Here's what he put on his blog :
Dave Douglas (Artist Thoughts), Music
November 19, 2007, 08:27 AM
posted by Dave Douglas
Free Jazz blog posts this thorough list of solo trumpet recordings:
Bill Dixon - Collection (Music for Solo Trumpet)
Hugh Ragin - Sound Pictures For Solo Trumpet
Natsuki Tamura - A Song for Jyaki (Leo Records, 1998), Ko Ko Ko Ke (Natsat 3012)
Peter Evans - More is More (PSI Records, 2006)
Kelly Pratt - Solo Works for Trumpet & Flugelhorn (Sachimay Interventions, 2006)
Axel Dörner - Trumpet
Markus Stockhausen - Solo 1
Thomas Heberer - The Heroic Millipede
Nate Wooley - Wrong Shape to be a Story Teller
Rob Mazurek - Silver Spines
Mazen Kerbaj - BRT VRT ZRT KRT
Franz Hautzinger - Gomberg
Greg Kelley - Trumpet
Nice. One of the things I've come to realize in working on FONT is that the instrument is going through a revolutionary growth spurt. Though Free Jazz offers wary support ("Some of them are plain weird, and will only be of interest to trumpeters who are looking for interesting new angles."), it is support nonetheless. And there are of course many other great players not appearing on this list, in many areas of musical practice.
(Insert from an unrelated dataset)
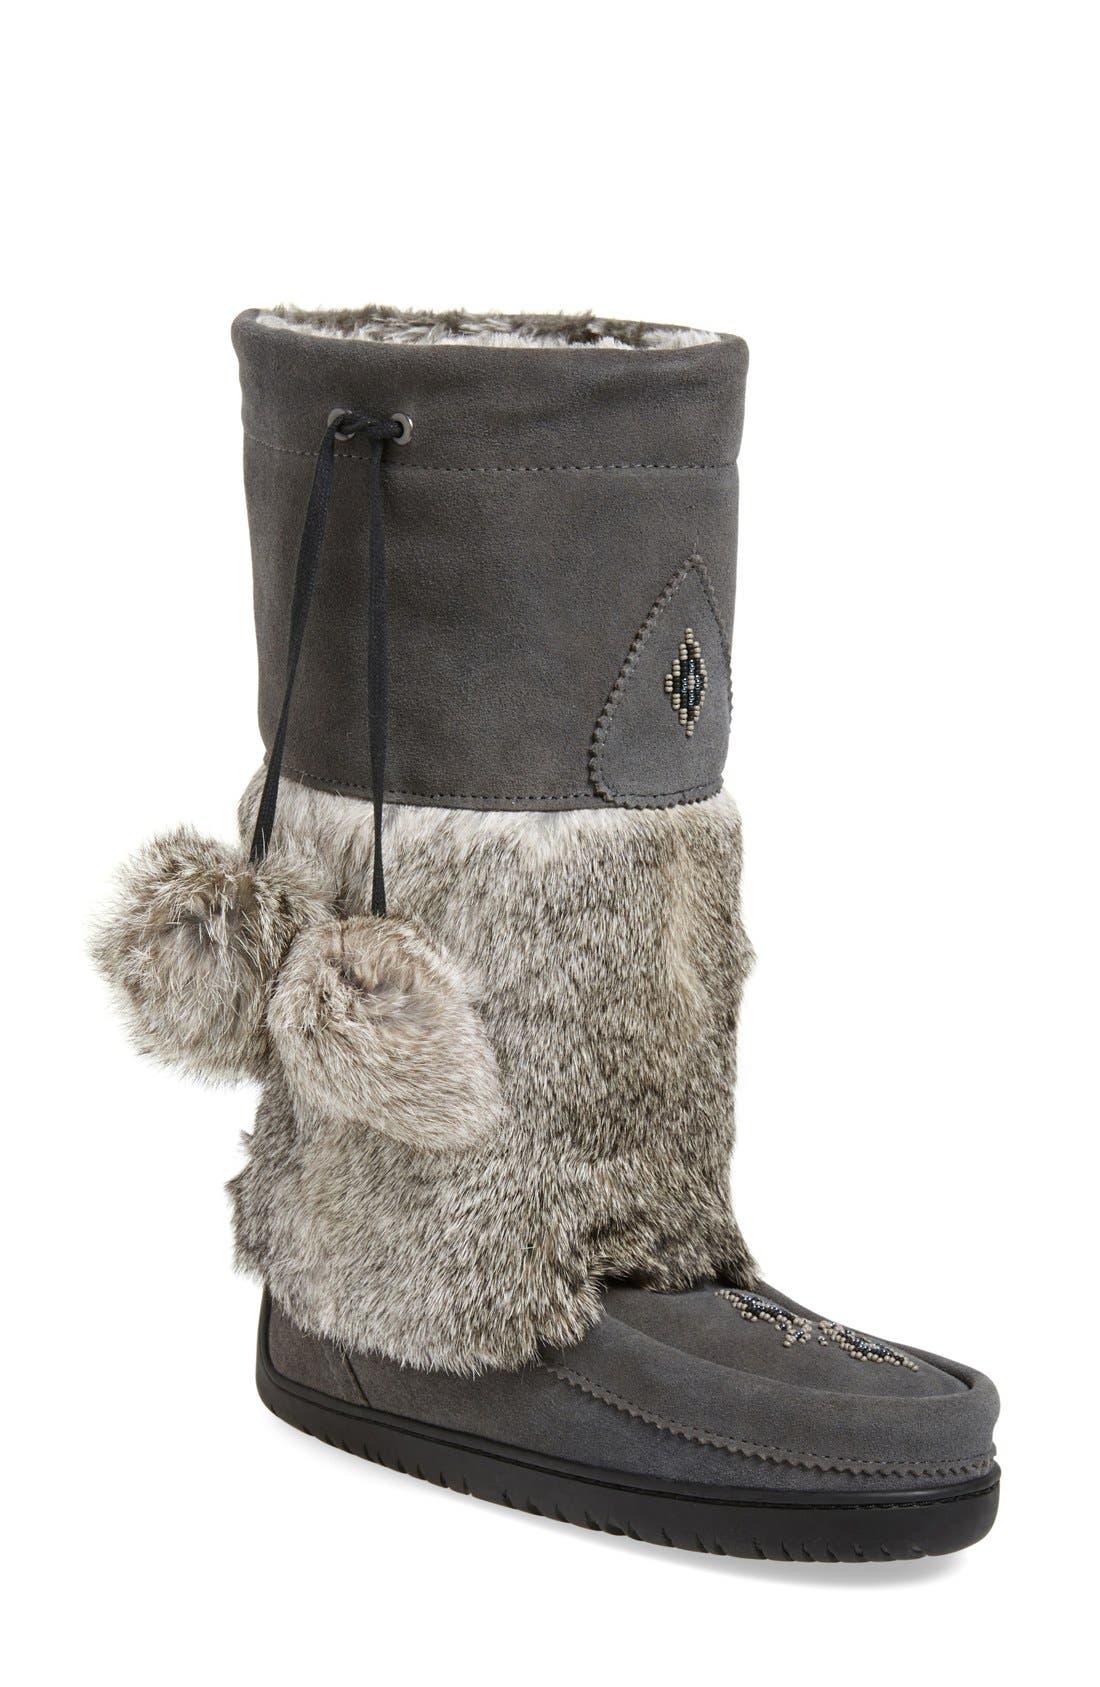 MANITOBAH MUKLUKS 'Snowy Owl' Genuine Fur & Suede

This new language of horn playing is infiltrating all kinds of ensembles, and I can't think of a richer or more productive time for effusions of new brass creativity.
The Jacques Coursil CD is not solo trumpet. There is also bass and light percussion. So I took it off the list.
stef
Hey Stef here's one of the earlier double solo trumpet albums you missed.
1978
The Spoken Word
Hat Hut Records #M/N
Recorded Live
@ Mapenzi in Berkeley, CA
April 22,1977 & April 1,1978
Engineers, Cynthia Kanstein and Daryl Suzukawa
All Compositions Baikida Carroll
One Long Song Music Publishing
BMI
Baikida Carroll -trumpet, flugelhorn and prepared trumpet
1. The Spoken Word I (17:05)
2. The Spoken Word II (14:30)
3. Third Image (15:15)
4. Rites And Rituals (11:50)
5. Double Rainbow Forest (10:25)
A recent solo trumpet recording from Australia is Scott Tinkler's 'Backwards' on Extreme Records (XCD 058). Apart from alone trumpet, he does some interesting stuff with piano resonance, percussion and water effects.
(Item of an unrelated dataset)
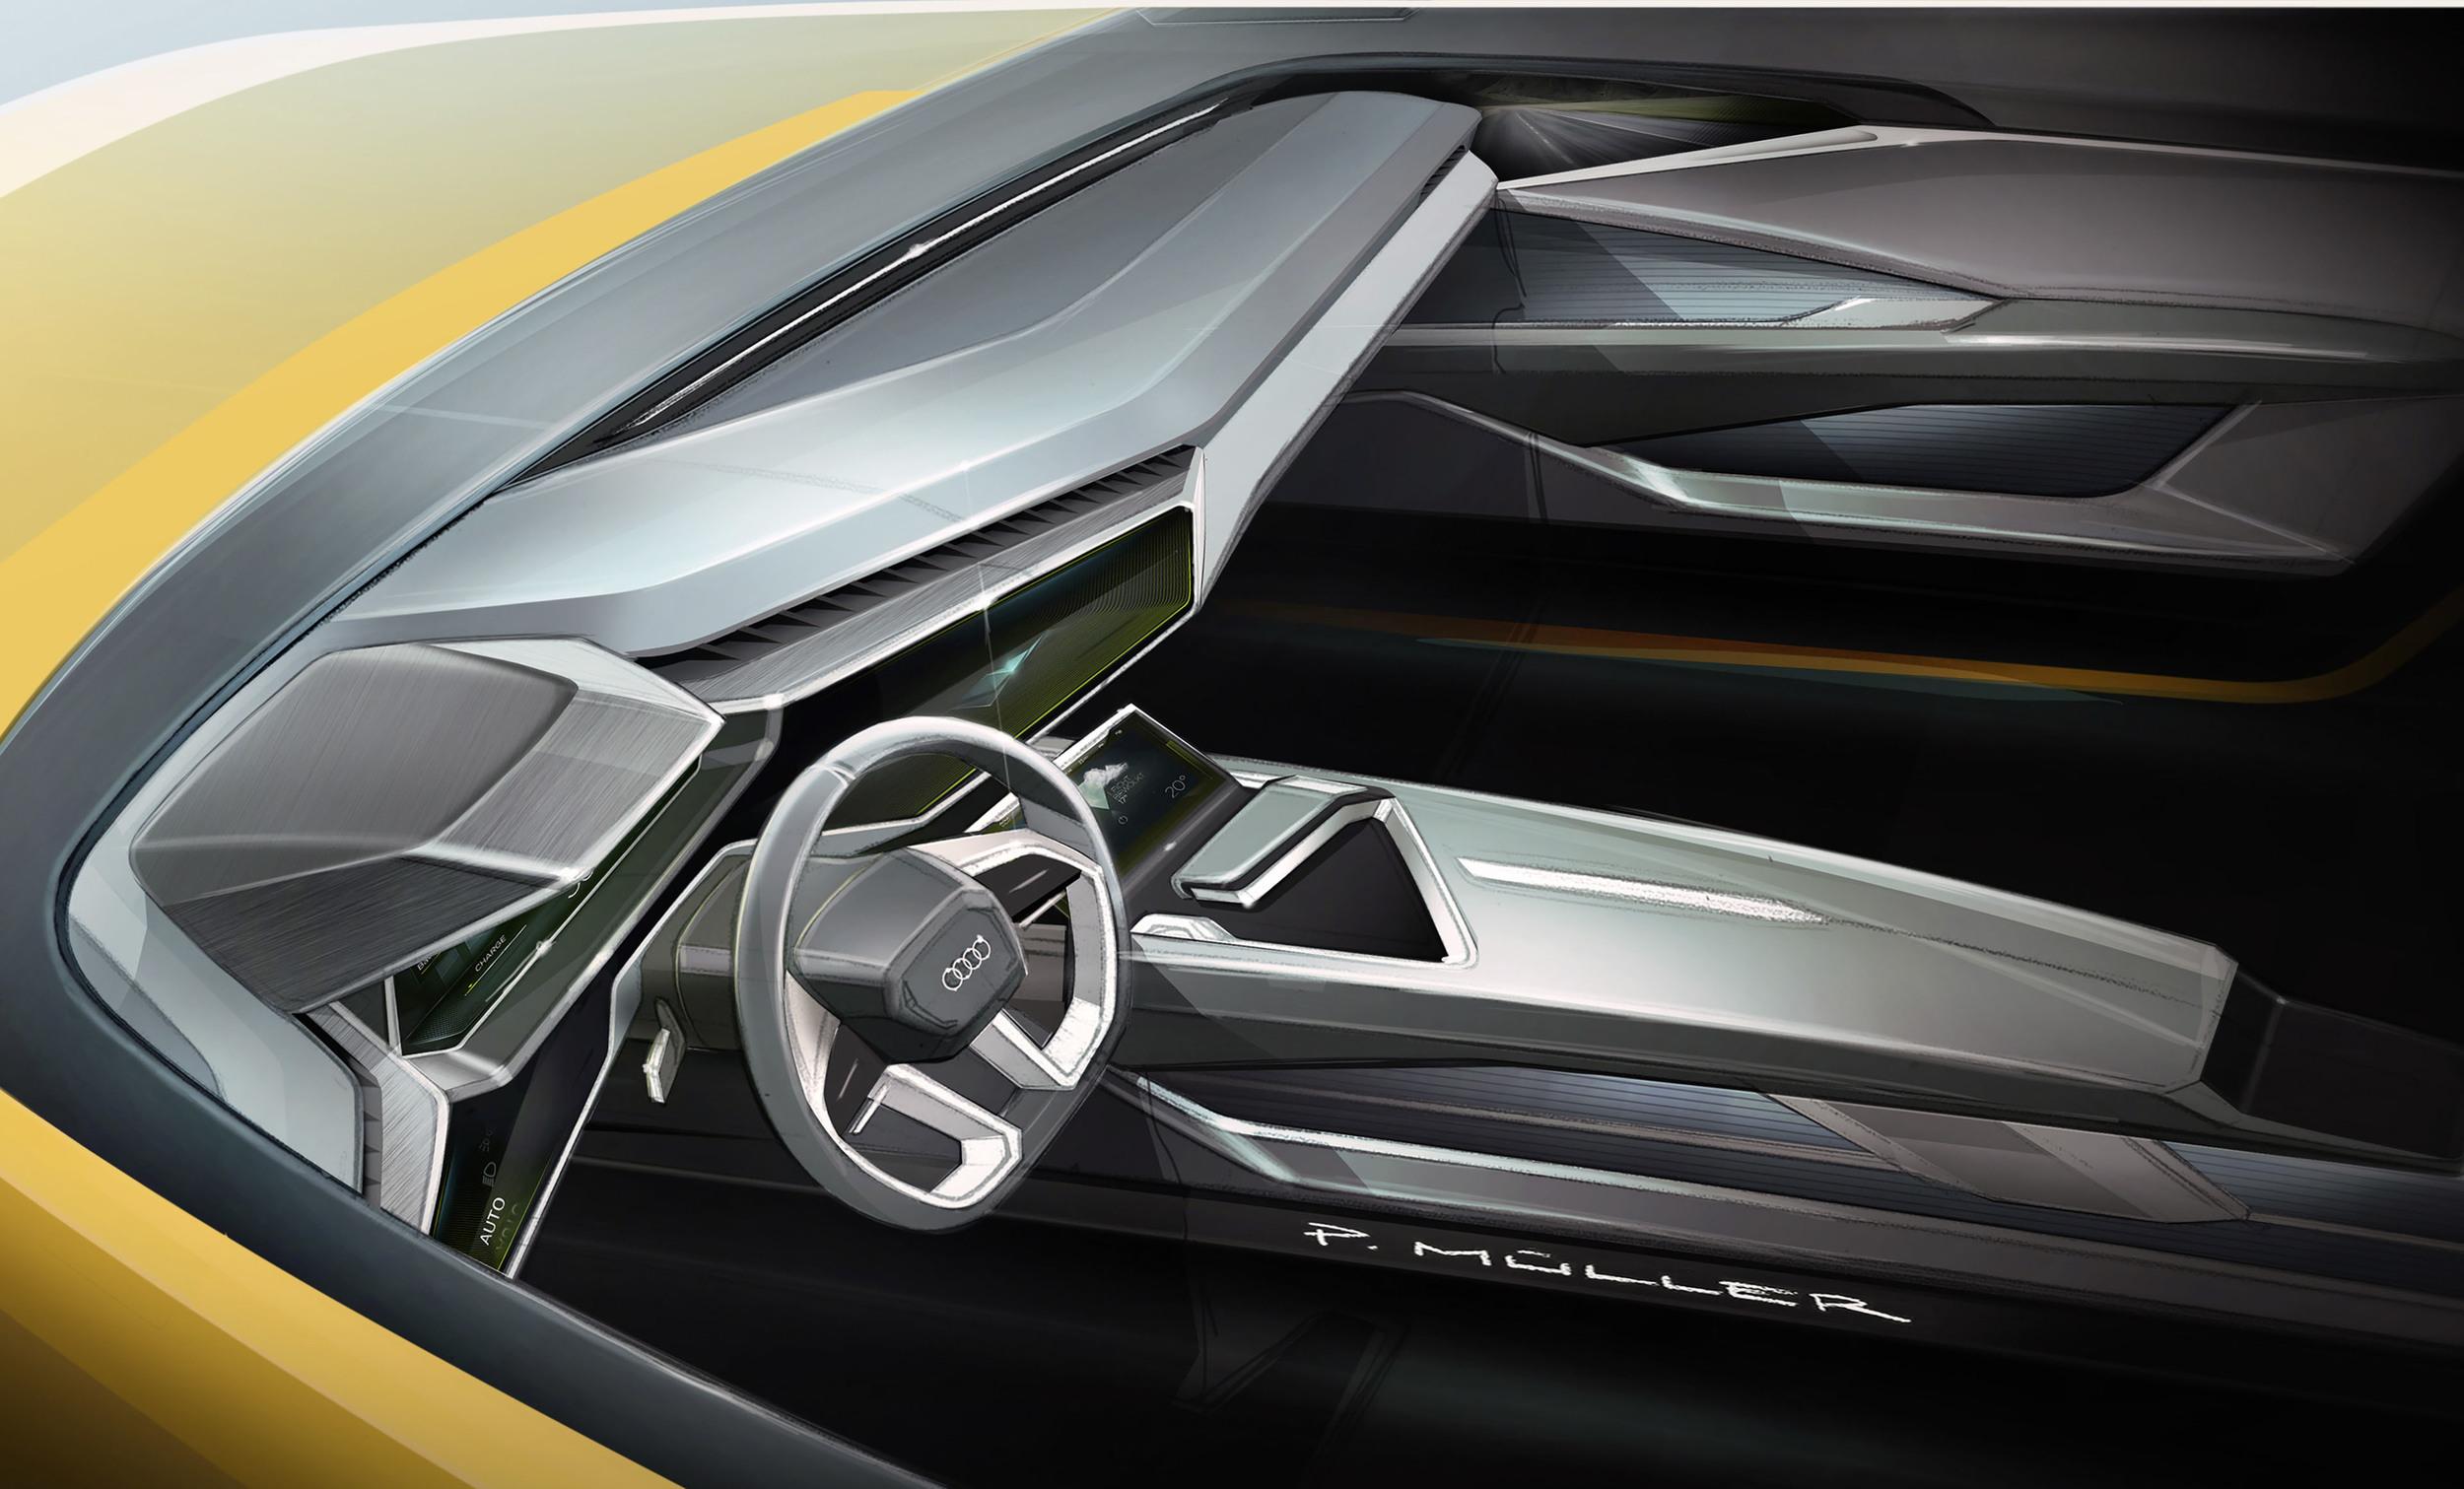 2016 Audi H Tron Quattro Concepts

Just looking at the solo trumpet list -- you may be interested in Kozo Ikeno although he does fall more into the experimental, rather than free jazz, zone. Sometimes it's just solo trumpet (usually muted) and on other occassions he creates his own electronic accompaniment.
Trumpetronics (Braxtone)
Planned Penetration (Waveform)
Overlooks (Stasisfield)
Render Perfect Sound (Retinascan)
Secret Notes (Kugkmusique)
Anywhere to download/sample that Thomas Heberer album?